On Dolphin Beach, the high tide is 2.2 meters and only occurs at 12 a.m. and 12 p.m. The low tide is 1 meter and only occurs at 6 a.m. and 6 p.m.
Which function models the height of the tide t hours after 12 a.m.?
a. h(t)=0.6cos(πt/6)+1.6*
b. h(t)=0.6sin(πt/6)+1.6
c. h(t)=1.2cos(πt/3)+1
d. h(t)=1.6sin(πt/3)+2.2
To determine which function models the height of the tide t hours after 12 a.m., we need to analyze the given information.

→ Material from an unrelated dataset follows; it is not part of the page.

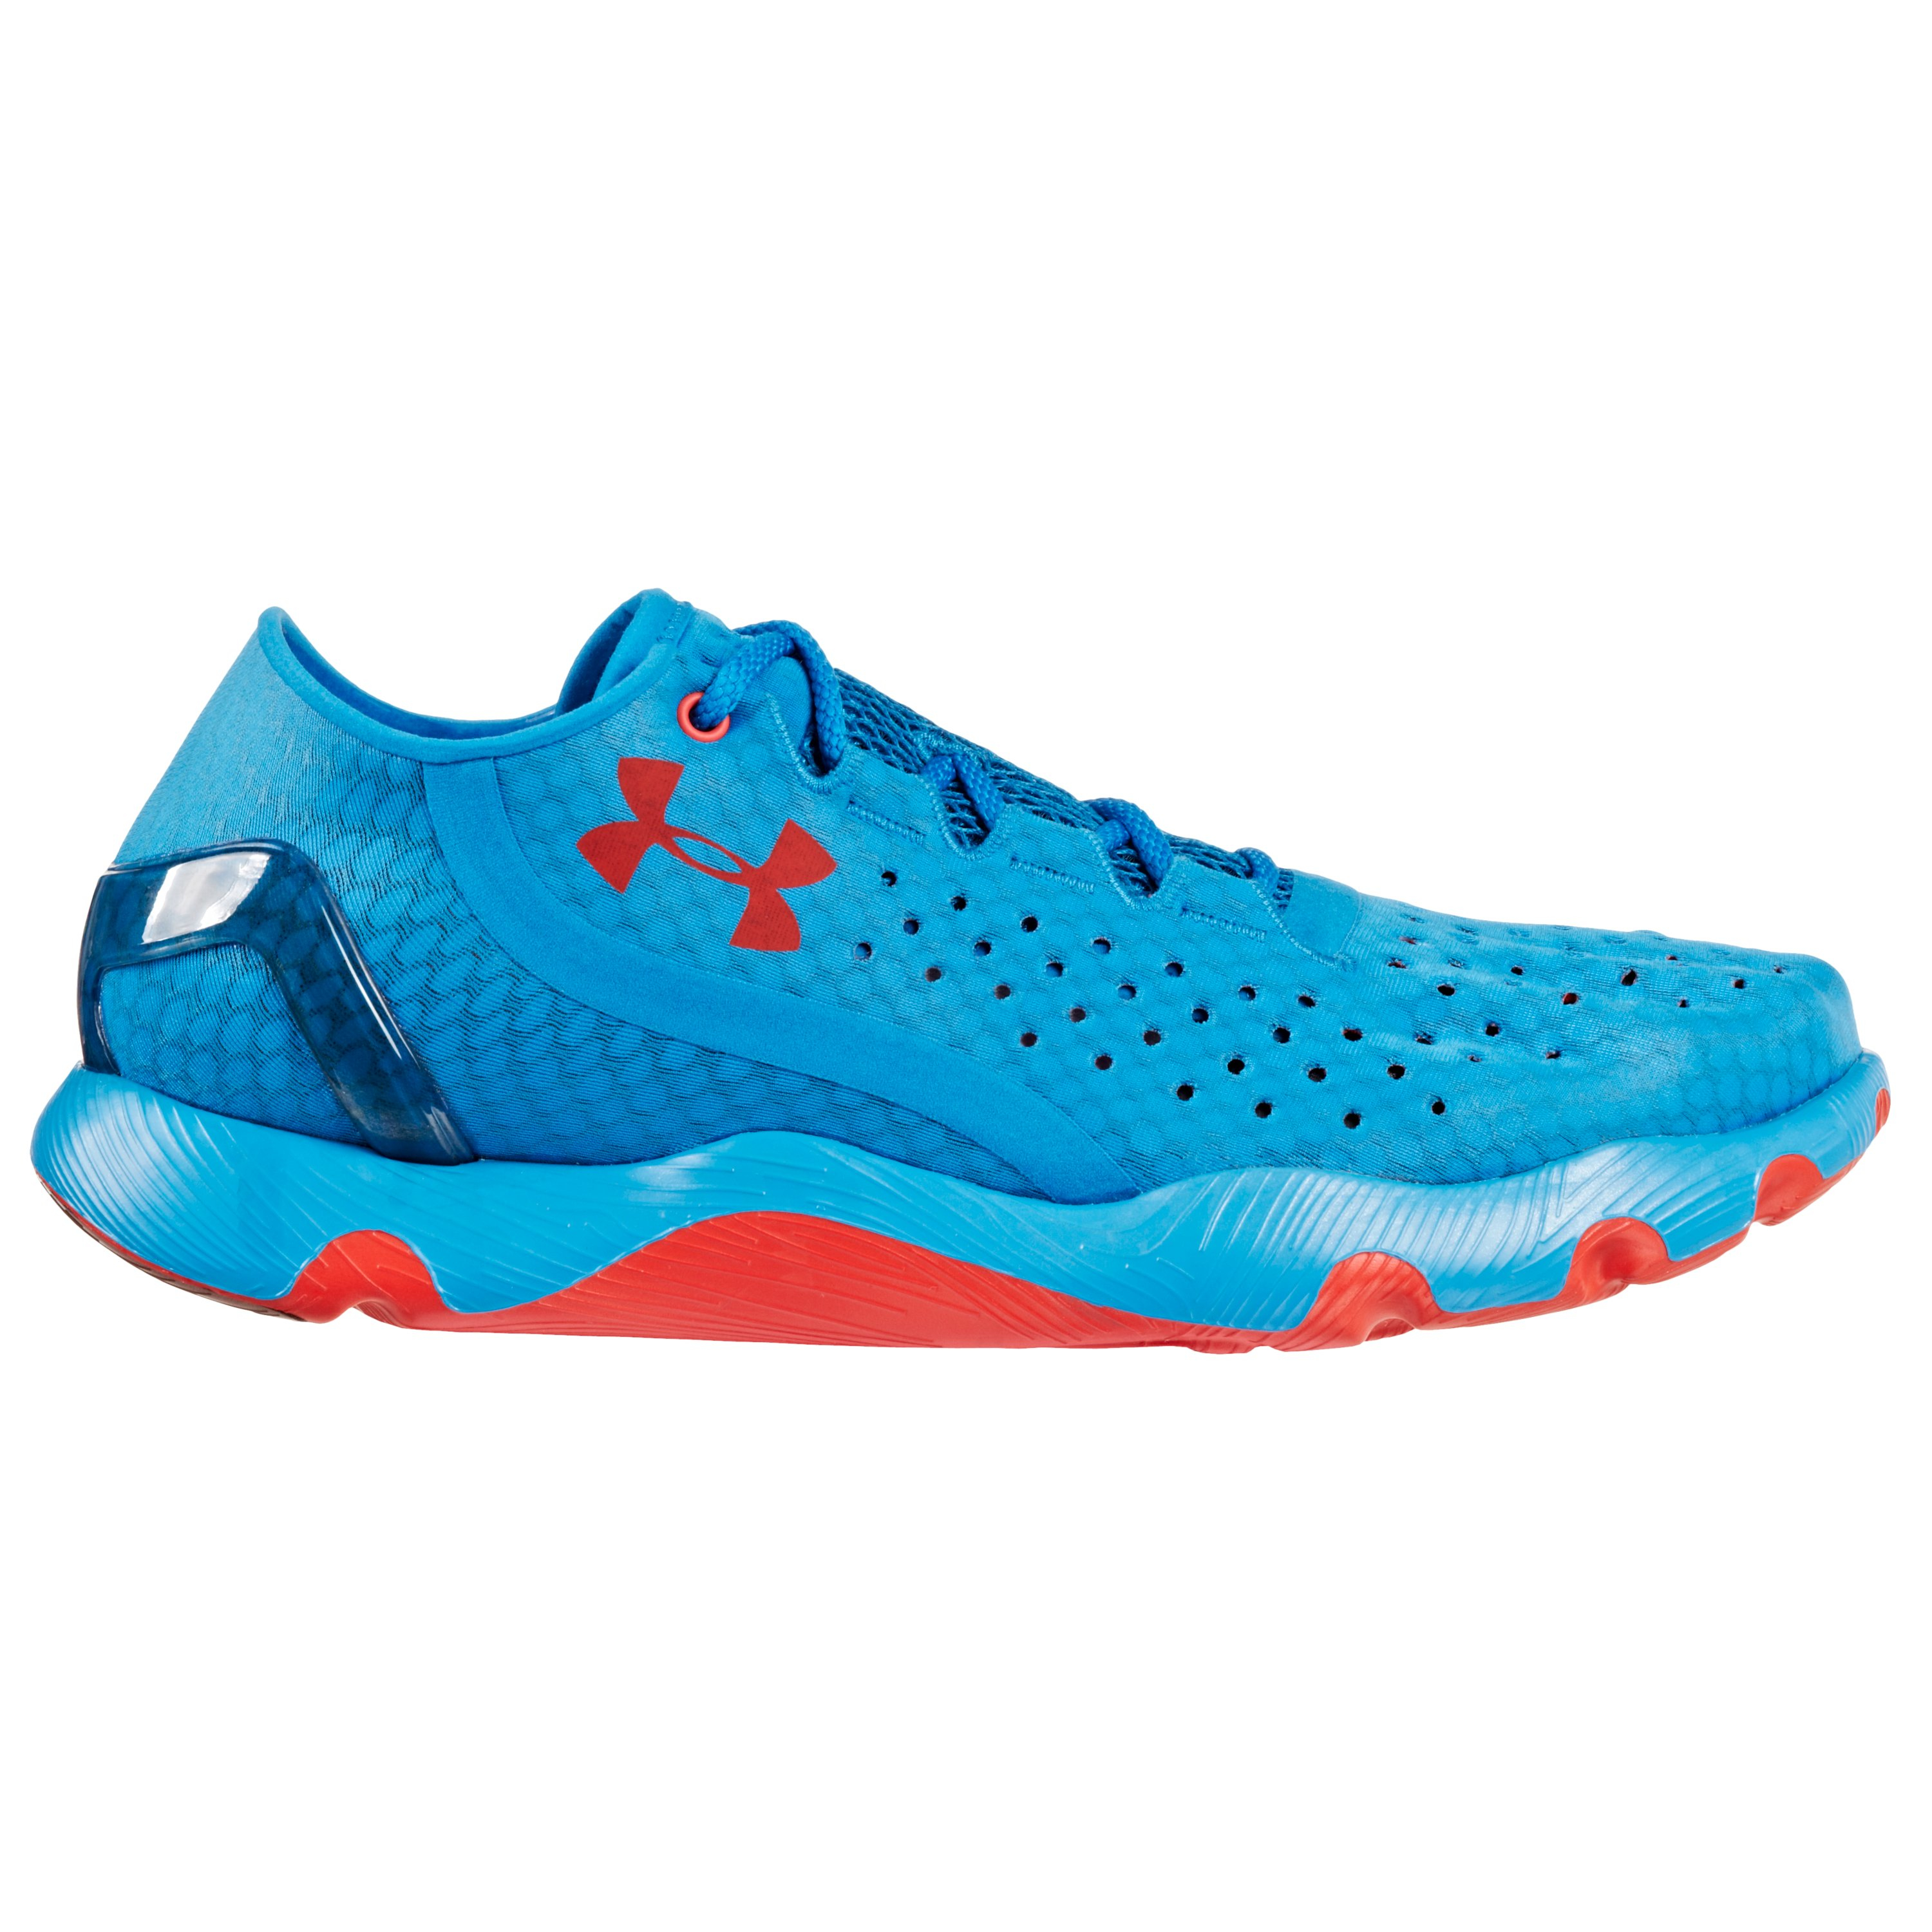 Under Armour Ua Speedform® Rc Running Shoes in Electric Blue/ (Blue ...

Firstly, we are told that the high tide occurs at 12 a.m. and 12 p.m. This means that the maximum height of the tide is 2.2 meters.
Secondly, the low tide occurs at 6 a.m. and 6 p.m., with a height of 1 meter.
From this information, we can infer that the tide goes through one complete cycle every 12 hours, as it goes from high tide (2.2 meters) to low tide (1 meter) and back to high tide again.
Since the sine and cosine functions have a period of 2π, and we need a period of 12 hours for the tide cycle, we need to adjust the argument of the trigonometric function. The correct function that models the tide height is one that has a period of 12 hours, amplitude of (2.2 - 1)/2 = 0.6, and an average value of (2.2 + 1)/2 = 1.6.
Looking at the answer choices, the only option that satisfies these requirements is:
b. h(t) = 0.6sin(πt/6) + 1.6
So, the function that models the height of the tide t hours after 12 a.m. on Dolphin Beach is h(t) = 0.6sin(πt/6) + 1.6.